Dust.tt sits on top of the model provider you choose: GPT-4o, Claude Sonnet, or Gemini Pro through Dust's model abstraction. LLM costs flow directly from Dust to your Anthropic, OpenAI, or Google API account (or are bundled into Dust's enterprise tier). Beyond the per-token model cost, every Dust query also pays for: embedding model calls to vectorize the user's query, similarity search across indexed document chunks, and context construction to inject retrieved chunks into the model's prompt window. These retrieval costs are typically small per query — but they multiply with the number of configured data sources and compound when retrieval quality is poor enough to trigger reformulation.

The four patterns that account for the majority of unexpected Dust.tt costs at the workspace level:

  • Data source fan-out over-retrieval — an assistant configured with many data sources performs a retrieval pass across all of them for every user query, regardless of whether each source is relevant; a "company knowledge" assistant with 20 connected data sources pays for 20 retrieval passes on a question that only involves one of those sources.
  • Retrieval reformulation loop — when the user's question doesn't match indexed content, the assistant may reformulate its search query and retry; topics absent from the corpus trigger multiple reformulation round-trips, each paying embedding plus similarity search, before the assistant acknowledges the knowledge gap.
  • Chain assistant cascade — Dust supports invoking other assistants via @assistant-name references; a workflow where assistant A invokes B invokes C creates a cost tree where any loop at any node propagates to all waiting ancestors; there is no native recursion guard.
  • Multi-action cascade amplification — assistants configured with multiple action types (data source search, web search, Dust App execution) chain actions sequentially when earlier results are insufficient; an under-constrained assistant may execute 5–8 actions to answer a question that a well-scoped retrieval would resolve in one.

Dust.tt's cost model

In Dust.tt's enterprise tier, costs are bundled into a per-seat platform subscription. In workspace plans where you bring your own API keys, every assistant interaction breaks down into three billable layers:

  • Retrieval layer: each configured data source performs an embedding model call to vectorize the user's query (or the assistant's reformulated query), followed by an ANN (approximate nearest-neighbor) similarity search against the indexed document chunks. Embedding calls for text-embedding-3-small (OpenAI's standard embedding model) run at roughly $0.02 per million tokens — individually negligible, but 20 data sources × 1,000 daily queries × a 50-token average query = 1 million tokens in embedding calls per day.
  • Context construction: retrieved chunks from all data sources are ranked and injected into the model's context window before the LLM call. More data sources and broader search queries produce larger injected contexts. An assistant with 10 data sources that retrieves 5 chunks per source injects 50 chunks — potentially 15,000–25,000 tokens — into every LLM call, inflating per-query model costs significantly compared to a focused single-source retrieval.
  • LLM generation: the model receives the full constructed context (instructions + retrieved chunks + conversation history + user message) and generates a response. The input token cost scales linearly with the injected context size. A 20,000-token input on GPT-4o at $0.005/1K input tokens costs $0.10 per query — for a model call that might have cost $0.01 with a targeted 2,000-token context.
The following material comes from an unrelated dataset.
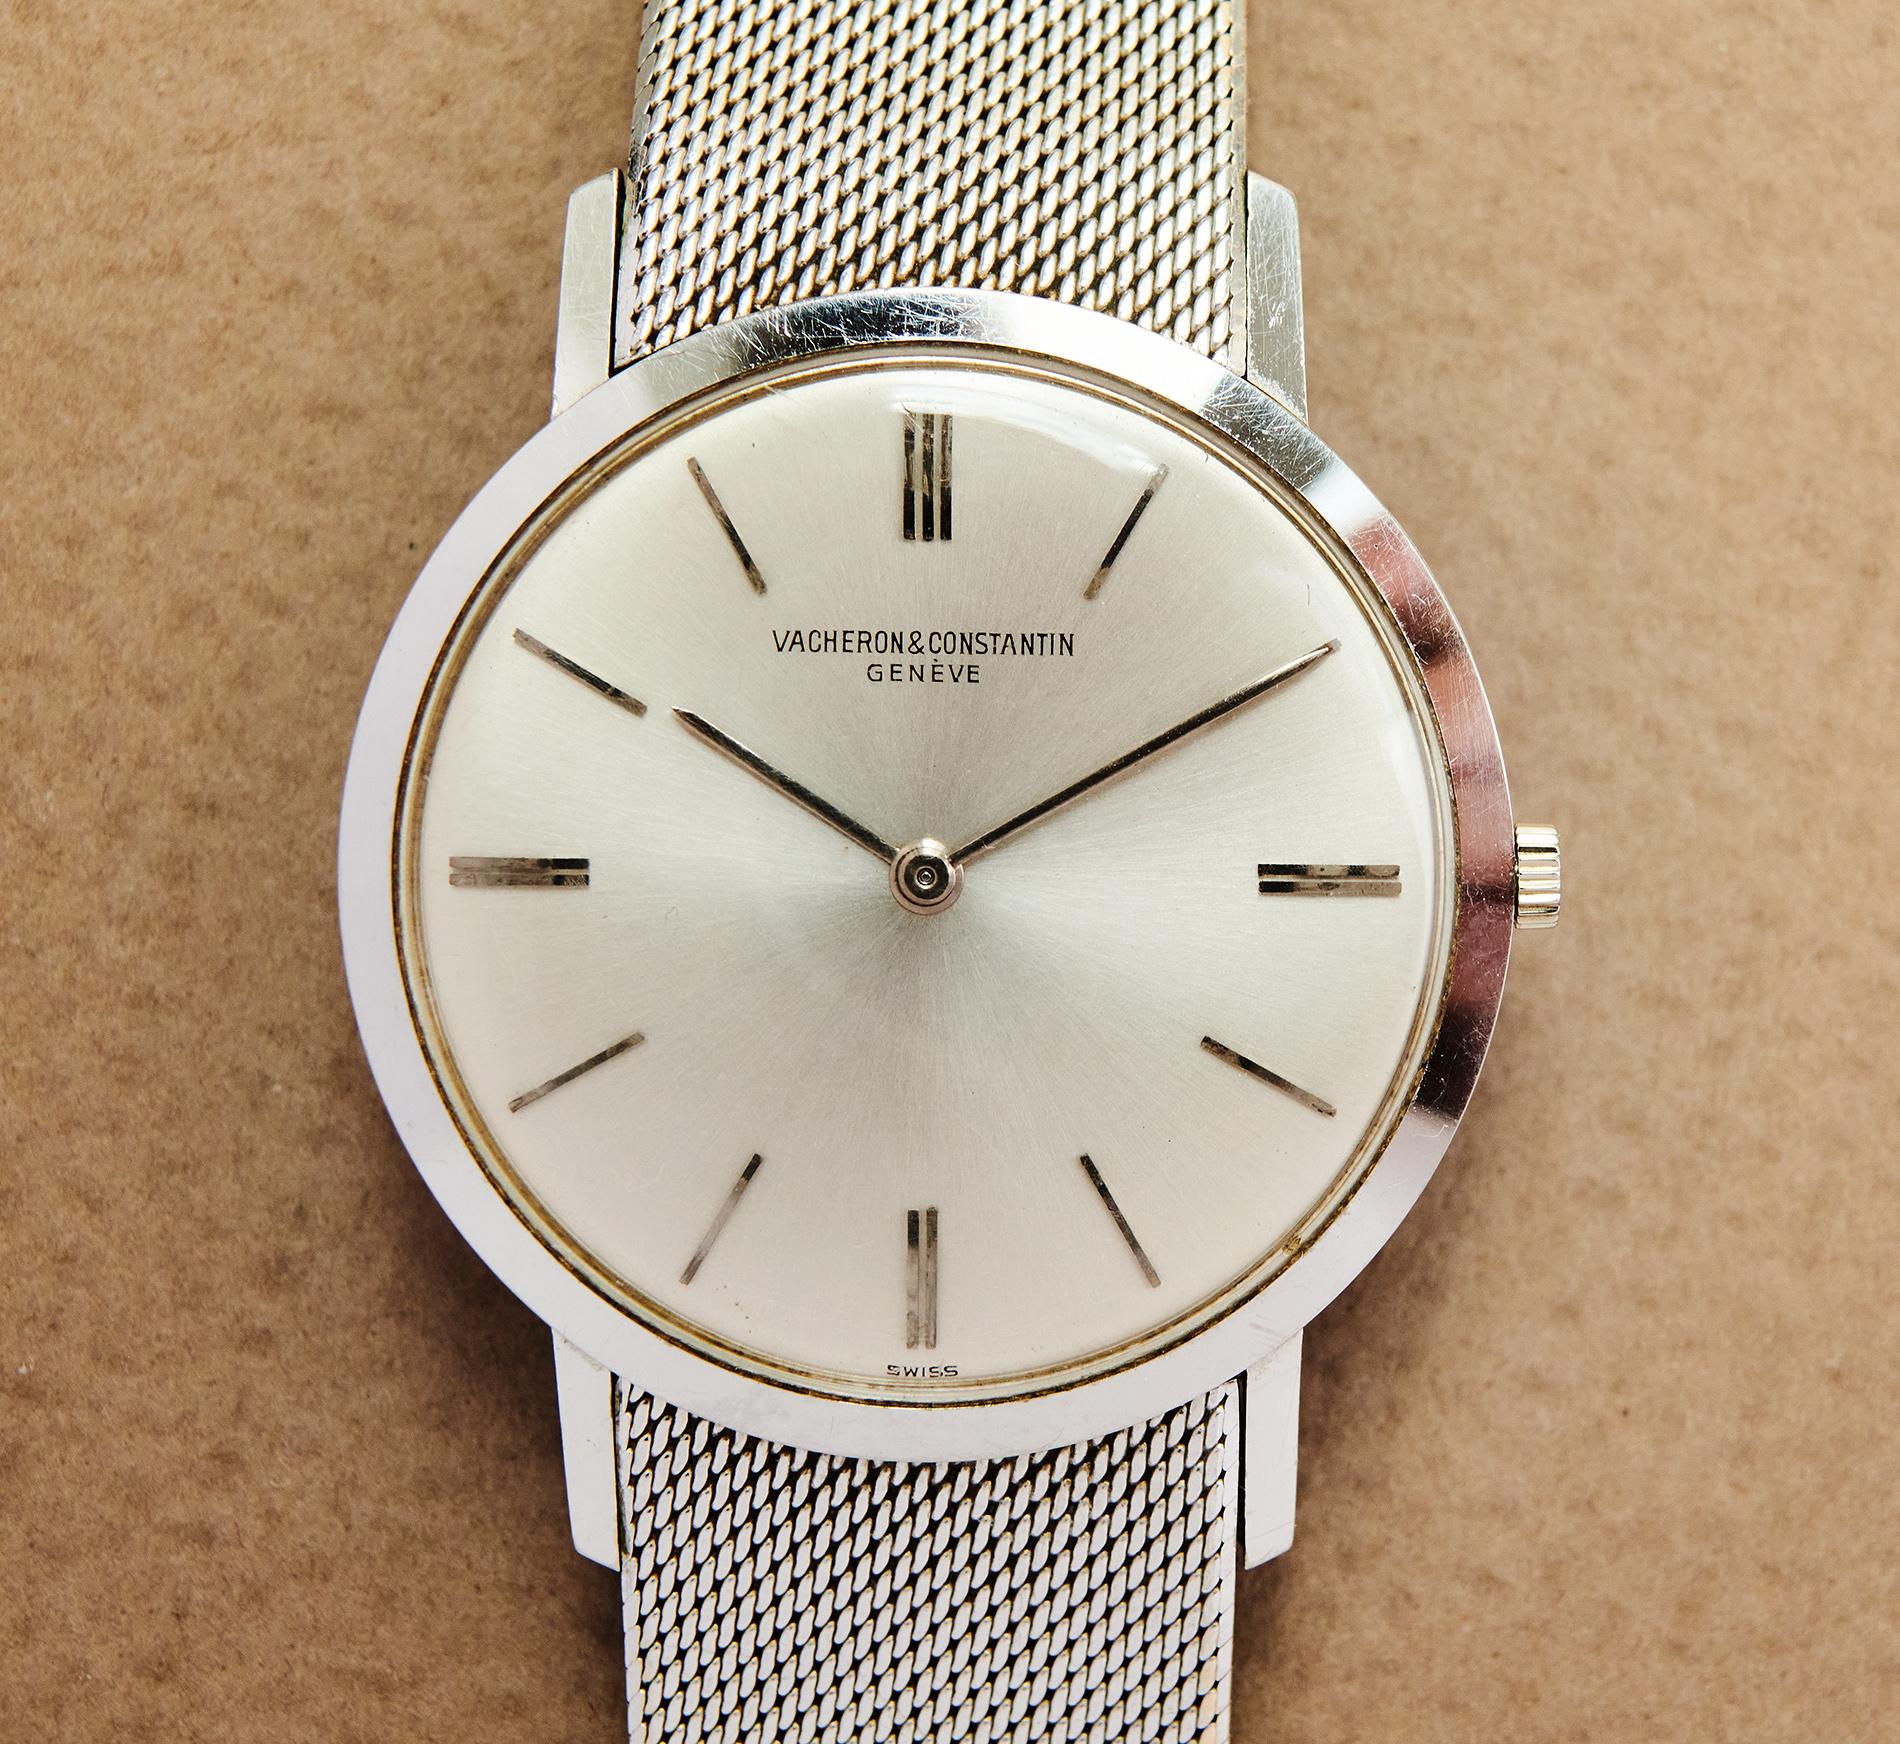 Vacheron Constantin 18k dresswatch

A practical cost baseline: a Dust.tt assistant with 5 data sources answering a well-targeted query costs roughly $0.03–$0.06 per interaction (retrieval + a moderate context LLM call). The same assistant with 20 data sources answering a broad question that retrieves 10 chunks per source costs $0.15–$0.40 per interaction — a 5–10× difference for the same user-facing value. At 500 daily workspace queries, that difference is $22/day versus $60–$200/day in underlying API costs.

Failure mode 1: data source fan-out over-retrieval

Dust.tt's retrieval model queries all configured data sources in parallel for every user message. The design goal is comprehensive: the assistant shouldn't miss relevant context because the user didn't specify which data source to check. In practice, most questions have a natural home in one or two data sources. A question about vacation policy is in the HR Notion workspace. A question about a specific customer issue is in Intercom or the CRM Slack channel. The assistant doesn't know this routing in advance — it queries all sources and lets the ranking model sort out relevance.

The fan-out cost scales linearly with the number of configured sources. Each additional data source adds an embedding call, a similarity search, and potentially more injected chunks to the LLM context, regardless of relevance. An assistant configured with "everything" — 15–20 data sources covering every team's Notion space, every Slack channel, Google Drive, GitHub, and a custom knowledge base — is paying for 15–20 retrieval passes per query, most of which return low-relevance chunks that inflate context without adding information value.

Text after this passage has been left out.